**Action item**
What is needed is every line from the one holding "alienware os on 1 tb hdd" to the last line of the data below, printed exactly and without pictures.

**Stored data**

——

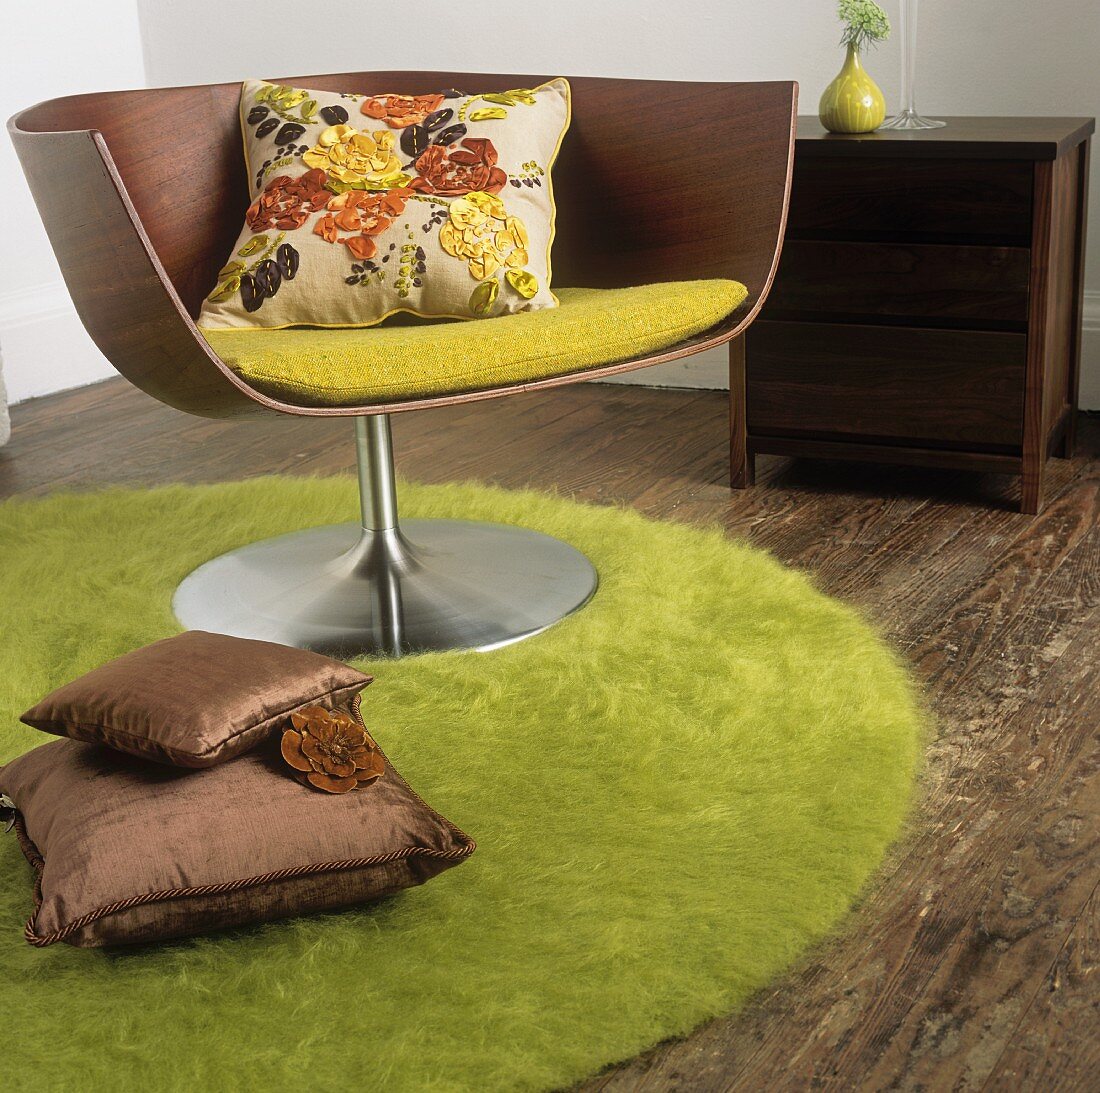 A wooden swivel chair on a round green rug
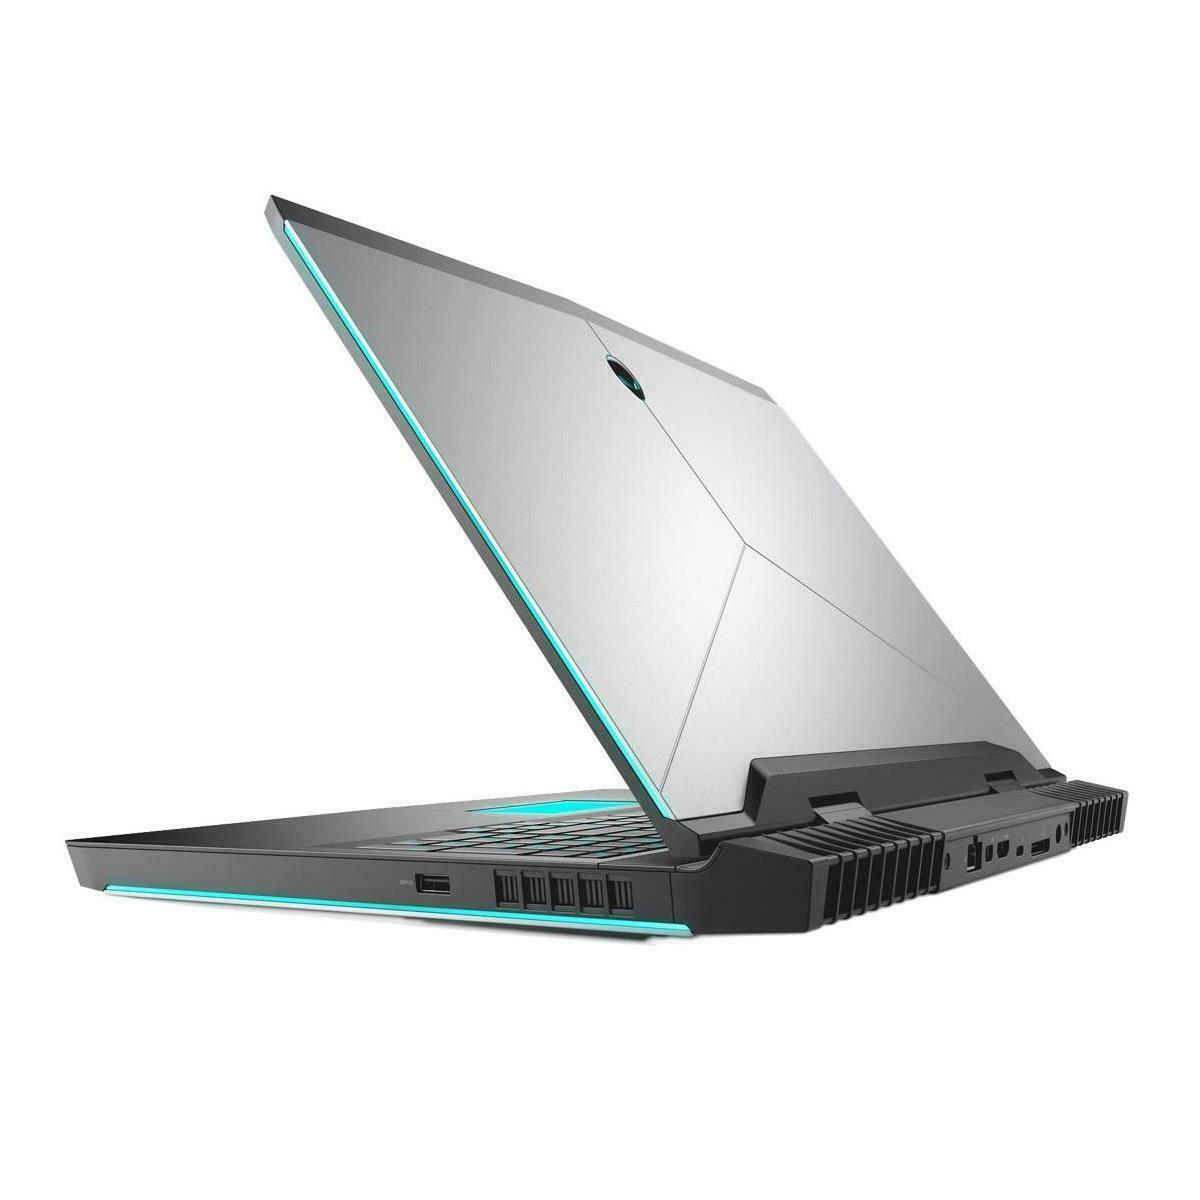 alienware os on 1 tb hdd
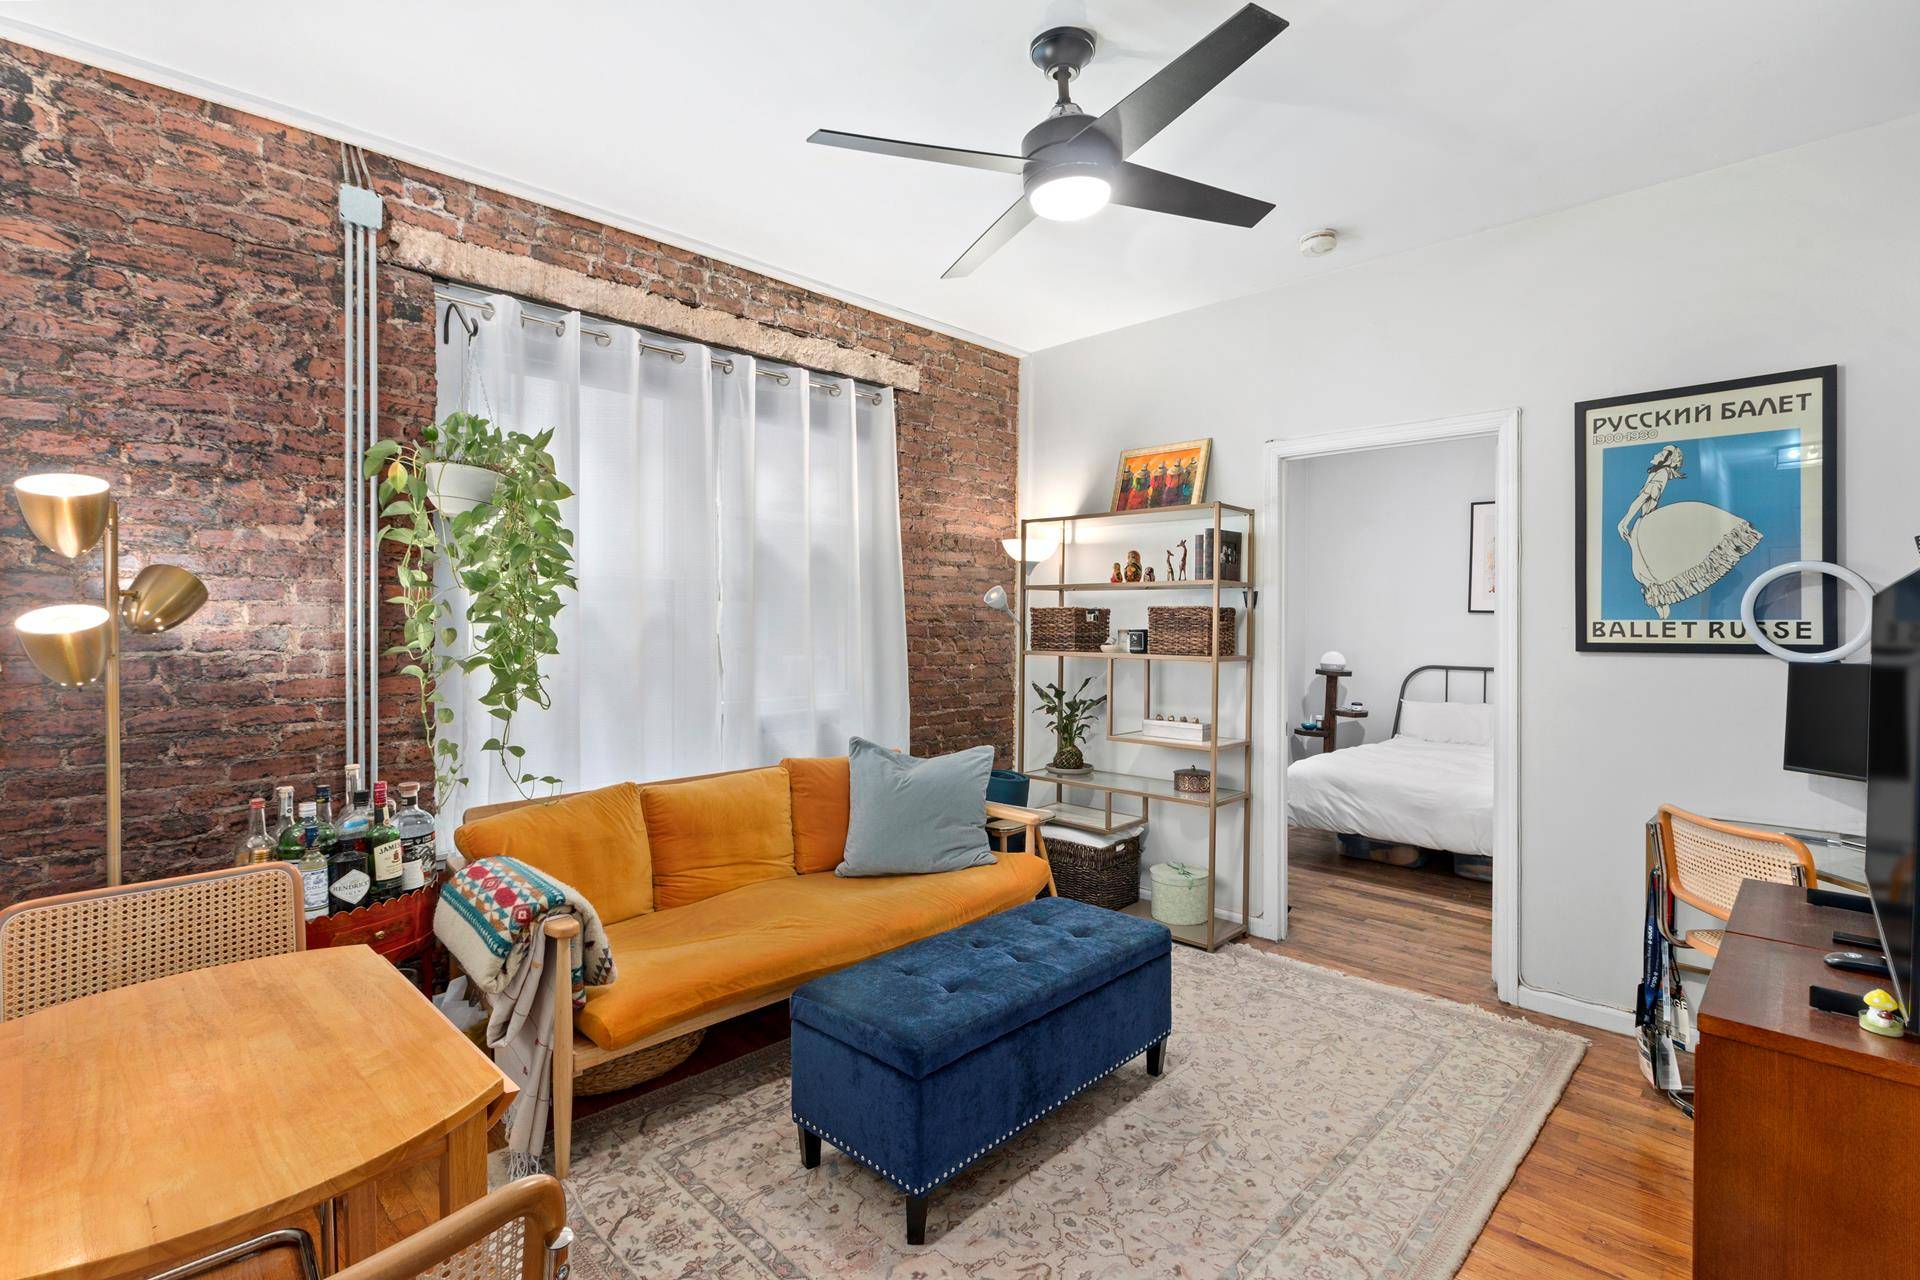 Sleek and stylish define this One Bedroom Coop in super cool Crown Heights.

——

**Result**
 alienware os on 1 tb hdd
 Sleek and stylish define this One Bedroom Coop in super cool Crown Heights.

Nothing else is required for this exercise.